Assistant Secretary Newland began his Alaska trip on Saturday, April 23, with a meeting with the Ketchikan Indian Community and the Organized Village of Saxman. On Sunday, April 24, he met with the Metlakatla Indian Community. These meetings focused on the protection of subsistence rights, improving the land into trust process for Alaska Native Tribes, and public safety and infrastructure improvements.
On Tuesday, April 26, Assistant Secretary Newland met with the Arctic Yukon-Kuskokwim Tribal Consortium to discuss subsistence policies. Earlier this year, the Bureau of Indian Affairs completed nation-to-nation consultations with federally recognized Tribes, Alaska Native Corporations and Tribal Consortia regarding how to improve the Federal Subsistence Management Program. Later in the day, Assistant Secretary Newland traveled to the Native Village of Napakiak where he witnessed the immediate challenges Tribes are facing from the climate crisis. The Department of the Interior recently announced $46 million in funding from the Bipartisan Infrastructure Law for Tribal communities to address the unique impacts of climate change in Indigenous communities.
On Wednesday, April 27, Assistant Secretary Newland traveled to Bethel where he met with leaders of the Association of Village Council Presidents, the Kuskokwim River Inter-Tribal Fish Commission, Orutsararmiut Native Council, Bethel Native Corporation and Yuut Elitnaurviat to discuss issues of public safety, housing, salmon conservation and subsistence policies. He later traveled to St. Mary’s to meet with leaders and community members from the Algaaciq Native Village (St. Mary's), Yupiit of Andreafski and Asa'carsarmiut Tribe (Mountain Village), Pitka’s Point Traditional Council and Iqugmiut Traditional Council. The meeting in St. Mary’s focused primarily on how Interior can support Tribes to address the devastating impacts of the Yukon-Kuskokwim Delta salmon crash on traditional subsistence practices.
On Thursday, April 28, Assistant Secretary Newland traveled to Kivalina to meet with Tribal leadership and tour a road project jointly funded by the Bureau of Indian Affairs and the Alaska Department of Transportation. Situated on a barrier reef island between the Kivalina River and the Chukchi Sea, Kivalina is threatened by the impacts of the climate crisis. In October 2020, construction of the 8-mile gravel evacuation road from the Village of Kivalina to higher ground known as Kisimigiiqtuq Hill was completed. The road allowed Kivalina to relocate its school to Kisimigiiqtuq Hill to ensure the safety of students and provide for an evacuation site in the event of a severe storm or ocean surge. Assistant Secretary Newland also toured the school construction site. Construction of the school is expected to be complete in October 2022.
Assistant Secretary Newland wrapped up his Alaska trip on Friday, April 29, with a visit to Kotzebue where he met with the representatives of Maniilaq Association, Northwest Arctic Borough, Native Village of Kotzebue and NANA Corporation.

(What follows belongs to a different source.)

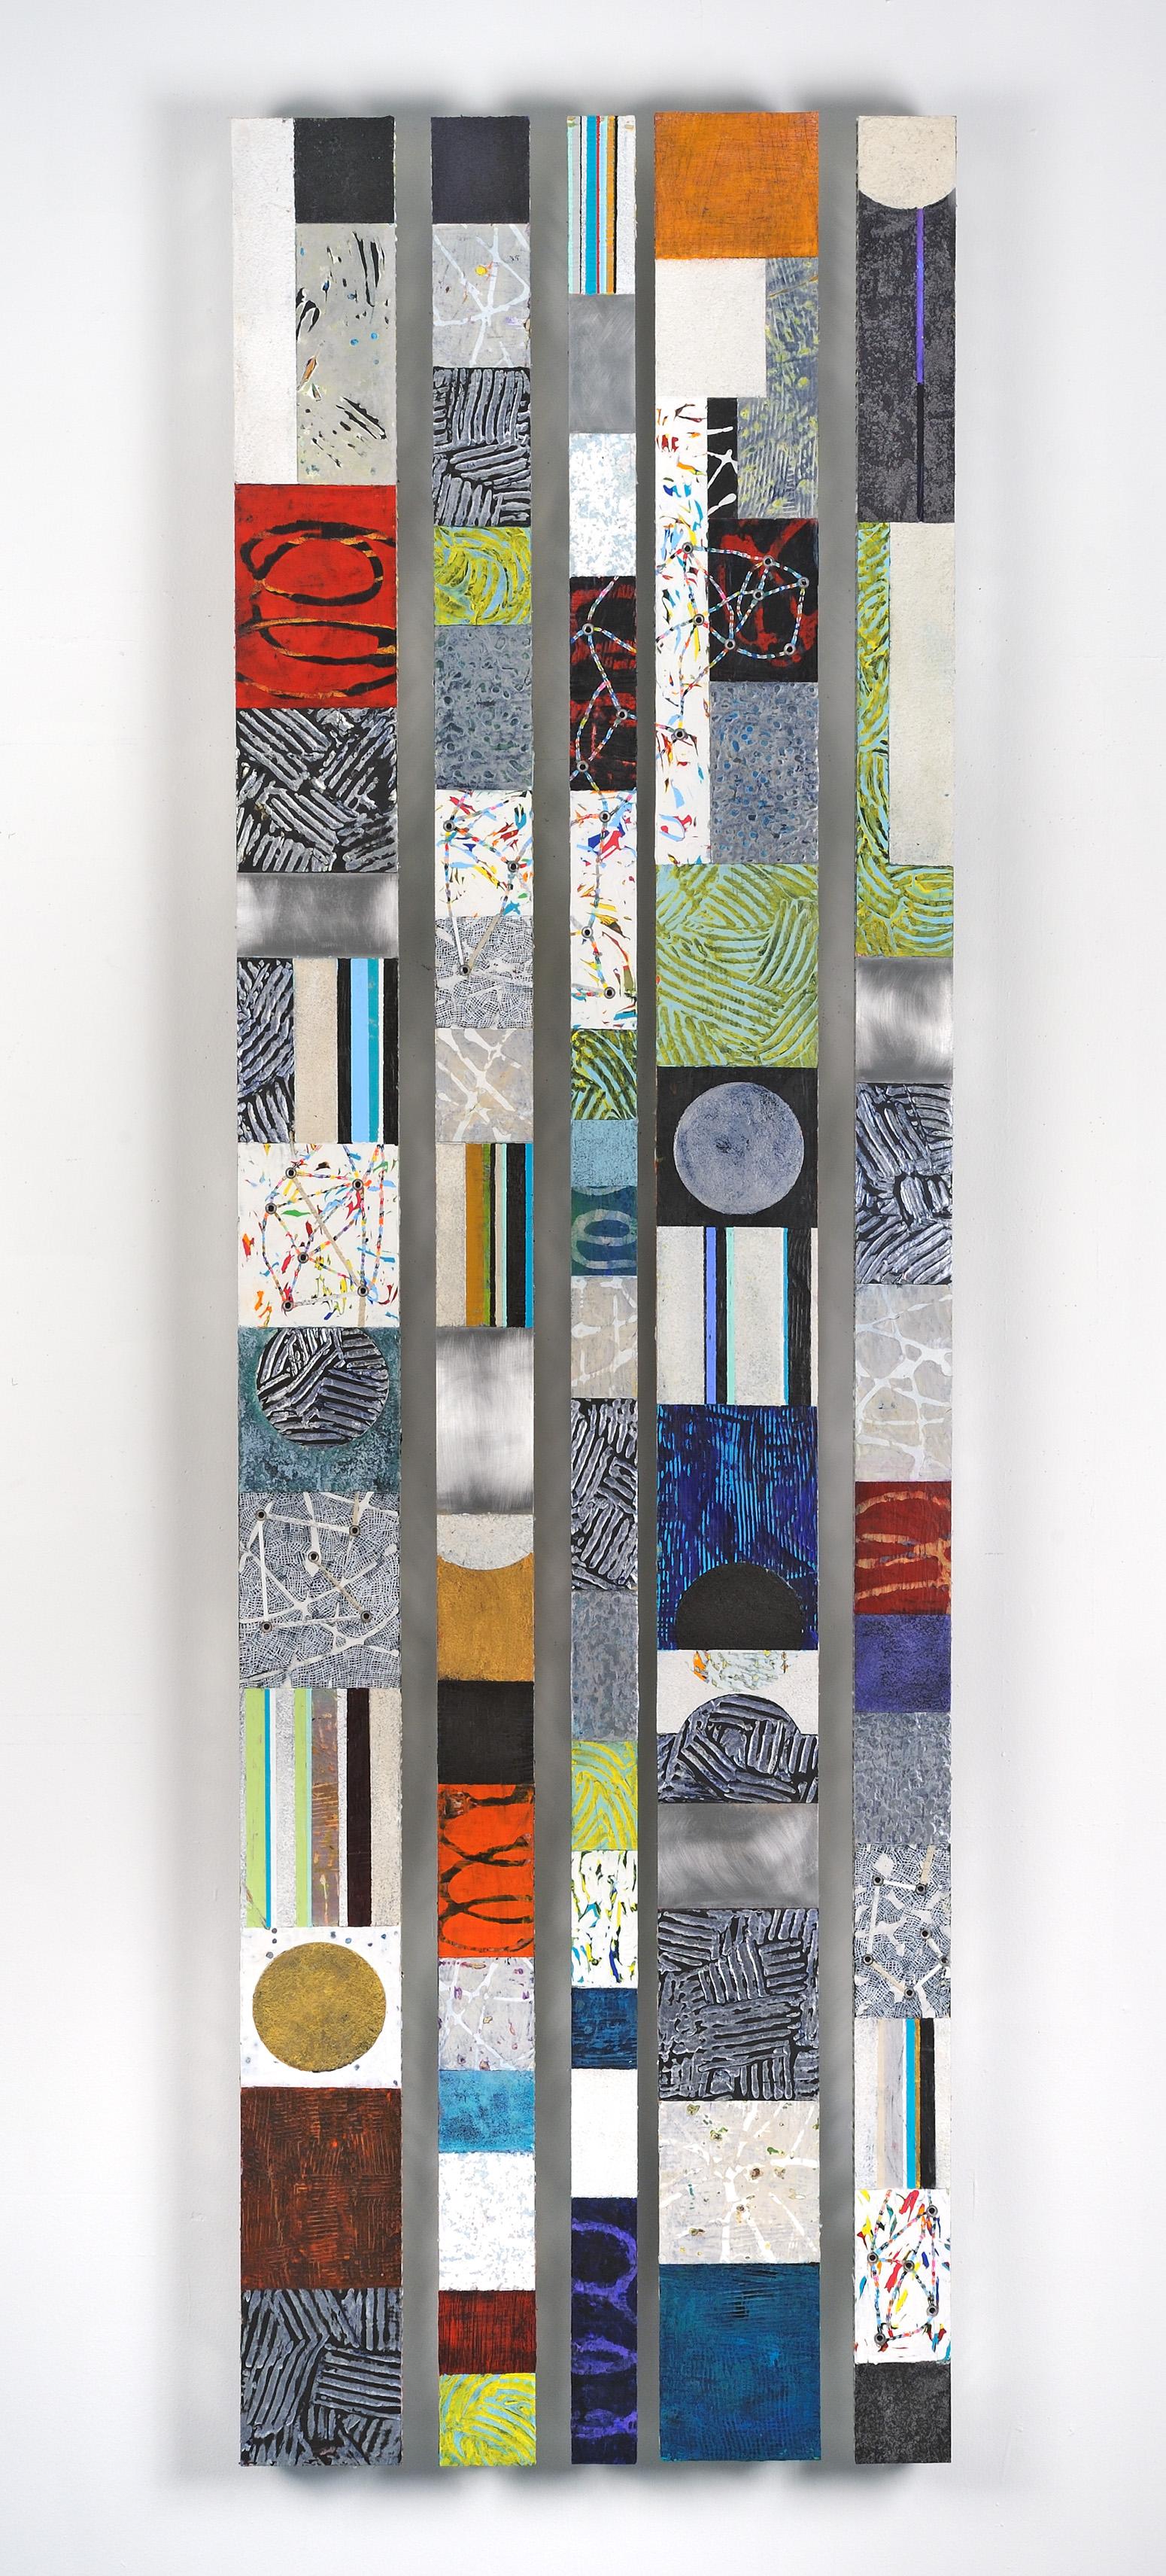 Francie Hester Abstract Sculpture - Strata 21 Set A, multicolored mixed media sculptural piece on aluminum
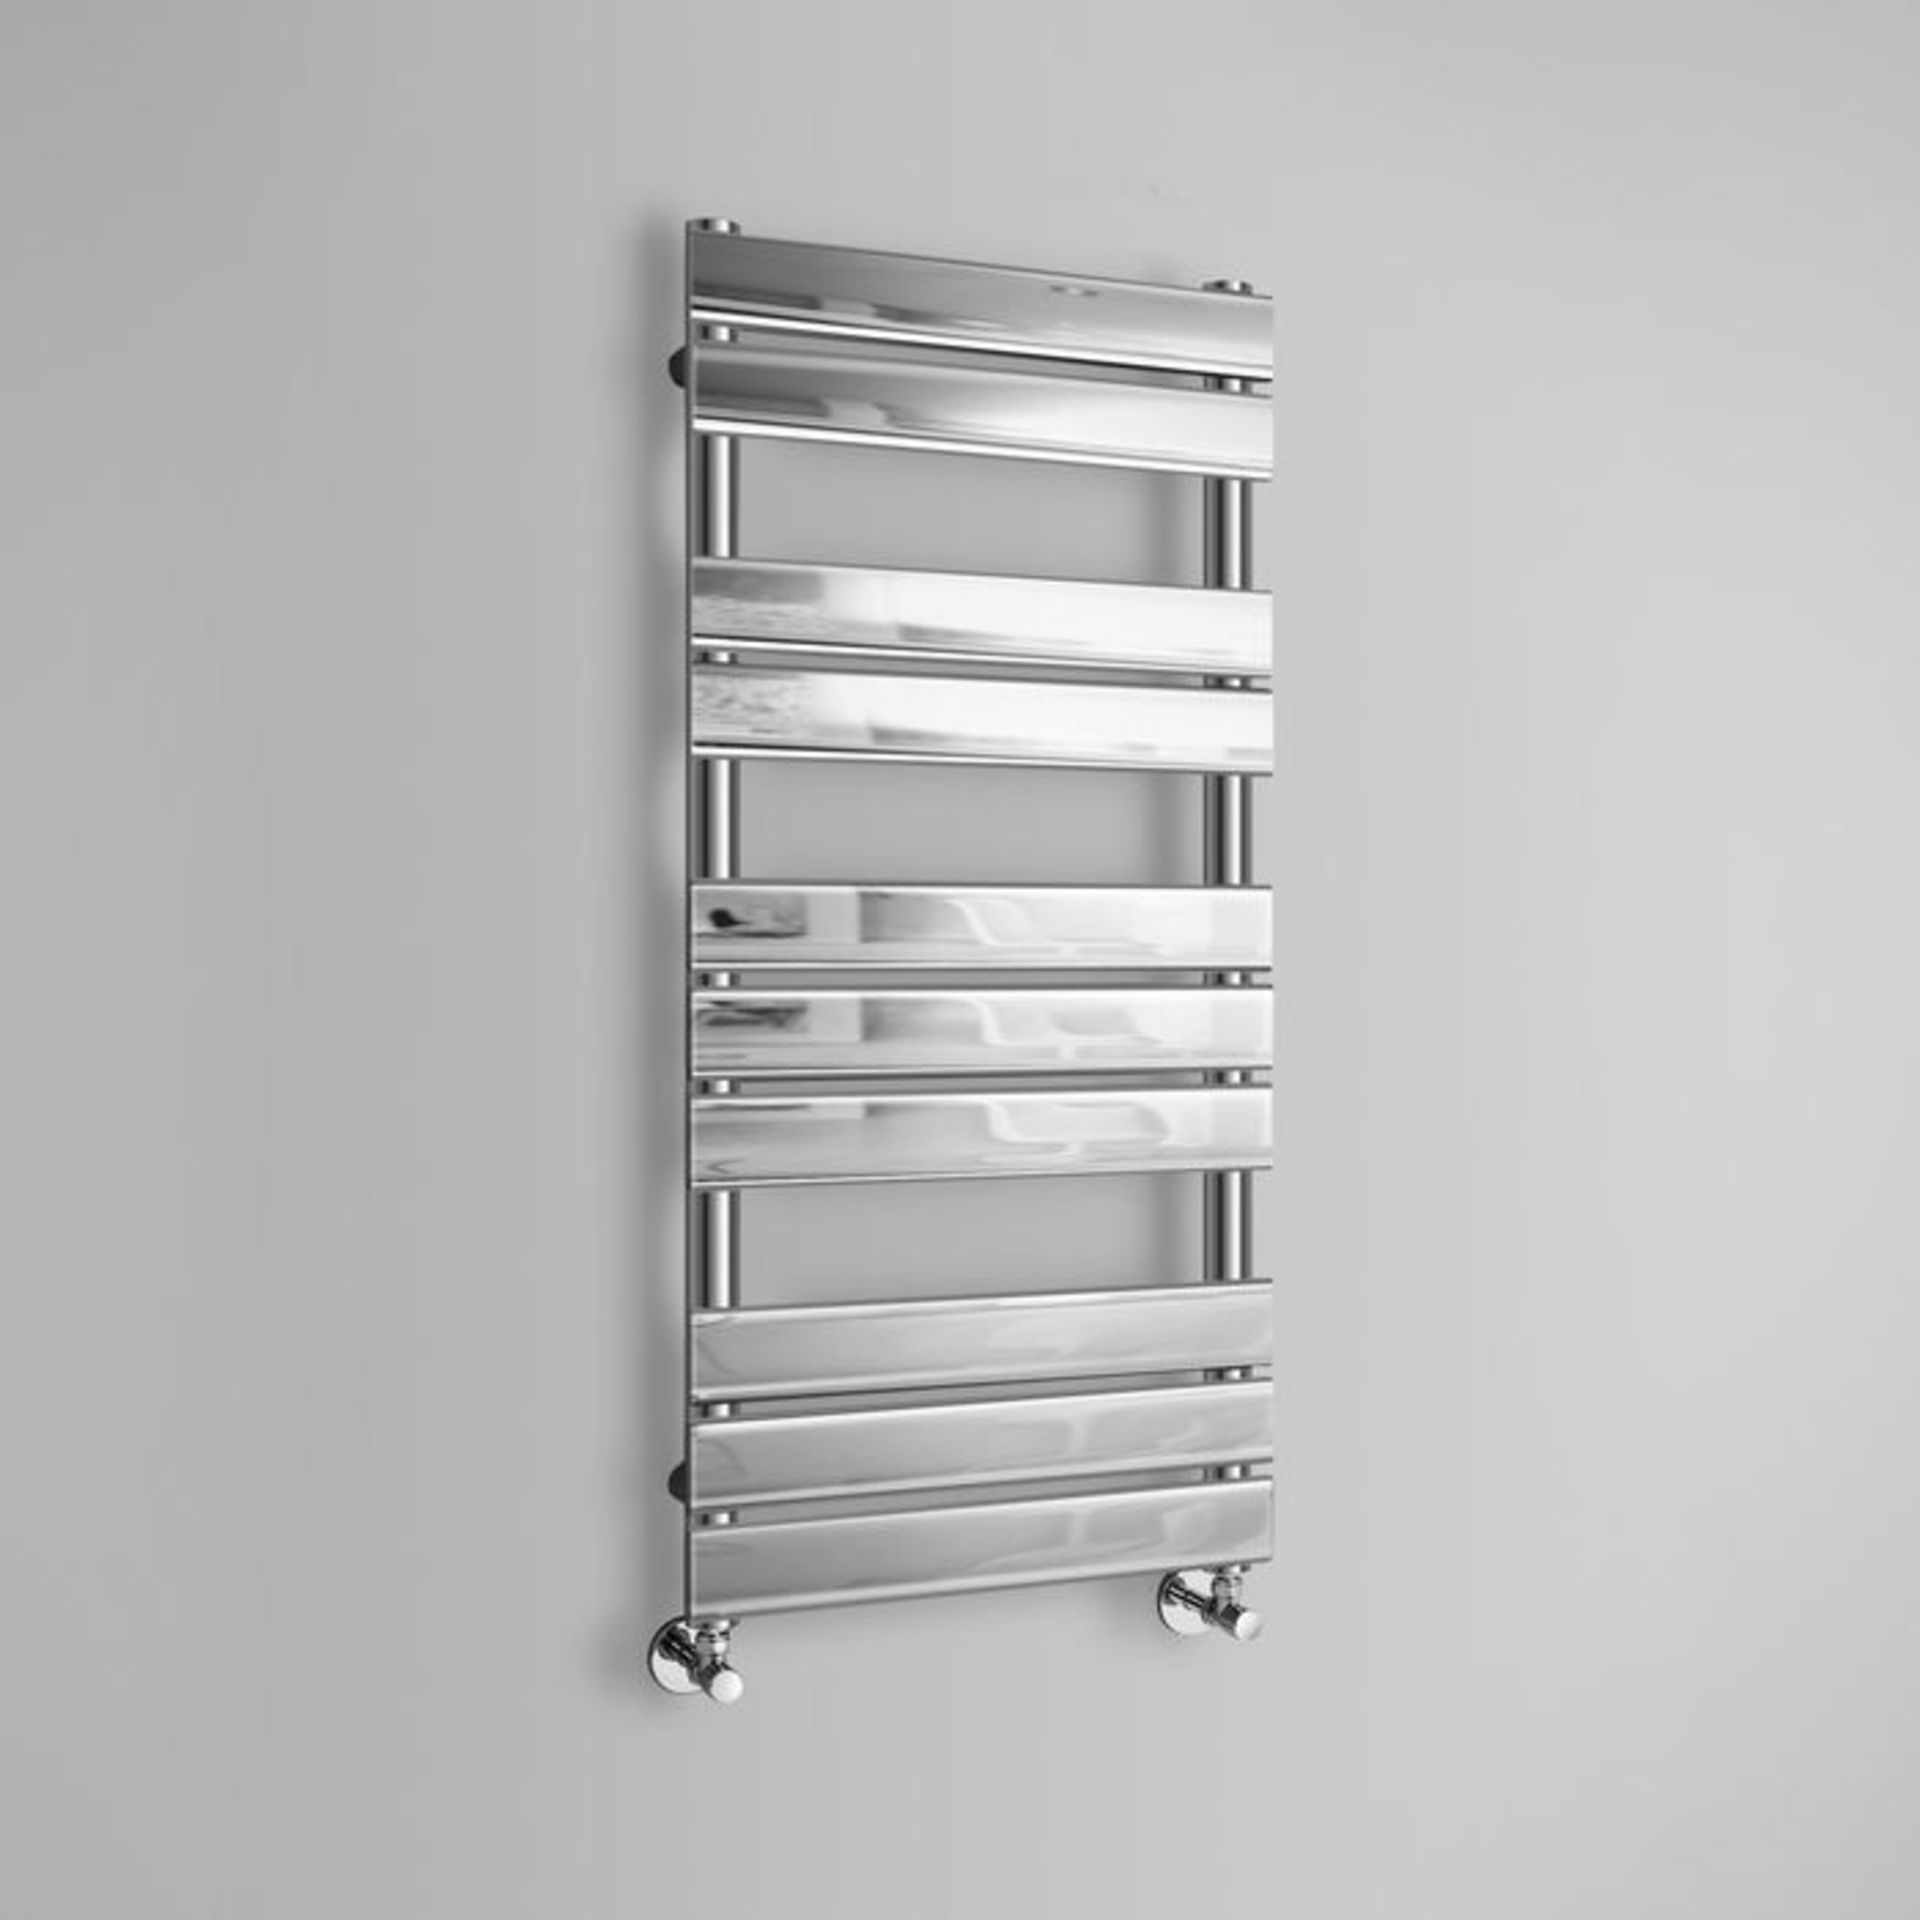 (LL119) 700x400mm Chrome Flat Panel Ladder Towel Radiator. RRP £229.99. We use low carbon steel of - Image 3 of 3

Assistant Secretary Newland also visited the Native Village of Kotzebue’s Nikaitchuat IIisavgviat Inupiak Immersion Pre-School. Later in the day, he traveled to Fairbanks to meet with the Tanana Chiefs Conference and Fairbanks Native Association. These meetings in Kotzebue and Fairbanks focused on improving public safety and law enforcement, community and social services, tribal court infrastructure, culturally centered education, climate change impacts and subsistence policies.
Newland’s visit followed one by Secretary of the Interior Deb Haaland the previous week, where she underscored the importance of critical infrastructure investments and funding opportunities that will help ensure Alaskan communities have healthy lands and waters, continued access to the outdoors and the foundation for future jobs and economic opportunity.